Moreover, she ensures that they are not producing too much to combat textile waste and pollution. “In production, it’s always going to cost something – fashion is one of the most polluting industries in the world. That is why I adopted the pre-order model, to avoid excess fabrics and waste”.

From just wanting to create her own swimwear line, Beckie went beyond that and made it a sustainable brand. Anyone can make their own line of clothing if they wanted to, but to make it sustainable is truly something else.

People who are used to making fast fashion purchases would argue that sustainable clothing is ridiculously expensive. But this is the true cost of fashion. Sustainable fashion challenges the ideal that a ten-dollar bikini top is justifiable. Because at the end of the day, who really pays the price for the things that we wear?

Girl Boss Beckie 

Haikini is run entirely by Girl Boss, Beckie Liu. Everything that you see online – from the marketing, the shoots, to social media is run entirely by her.

One fact that you may not know about our Girl Boss, is her hobby for cosplaying during her early teens. “I would make my own costumes and props through YouTube videos, and learn the process of making my own clothes. With that, I managed to use my minimal yet useful design skills with Haikini”.

All the prints and cuts are designed and finalized by Beckie herself. After which, she works collaboratively with local pattern makers in both Singapore and Bali to bring her designs to life.

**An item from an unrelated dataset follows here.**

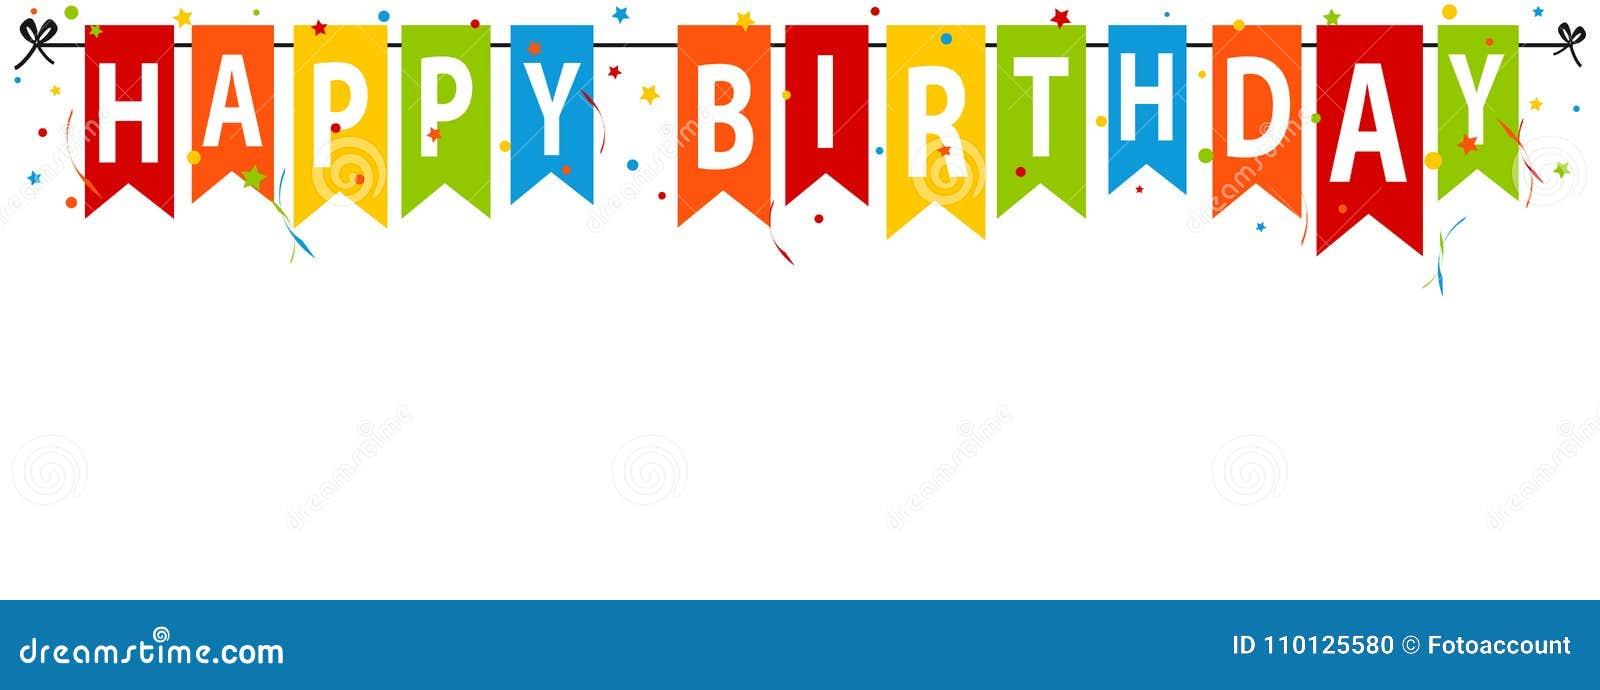 Alles- Gute zum Geburtstagfahne, Hintergrund - Editable Vektor-Illustration

The image of Haikini is supposed to make ethical swimwear attractive and not intimidating. “Haikini is an easy-going brand. But the things that I take seriously are my customer service and my brand ethics.”

While Beckie is more hands-on with the creative side of the brand, her good friend, Valerie takes care of the more technical aspects such as the handling of expenses.

Apart from running the show at Haikini, Beckie is also Singapore’s first female longboard surfer who represented the country at the recent SEA Games 2019, which was held in the Philippines. She has also competed in other regional competitions such as RAST 2019 in Bali, and a local surf competition in Phuket in August 2019 where she won first place. Surfing has truly become second nature for Beckie and definitely has no plans on stopping.

Haikini: The Heart of Surf Camps for Women in Asia 

At Haikini, they’re not just about swimwear. Did you know that they also hold surf camps?

It all started back in 2018, when they held their first-ever surf camp in Canggu, Bali with just four girls. Catered for absolute beginners and those who have tried out the sport but are looking to improve their skill and technique, everyone is welcome.

Haikini has come a long way since their very first camp. Back then, the camps only included surf lessons. Now, they have elevated the average surf class and created a well-rounded experience for all.

Today, Haikini Surf Camps include perks such as accommodation, airport transfers for arrival and departure from Bali; professional surf photos and videos taken of you; a day trip of the group’s choice and even a free Haikini bikini for the ladies. What’s not to love?

When asked what the best part of each camp is, Beckie said that it was definitely the sense of community. These carefully curated surf camps even have people coming back for the second time.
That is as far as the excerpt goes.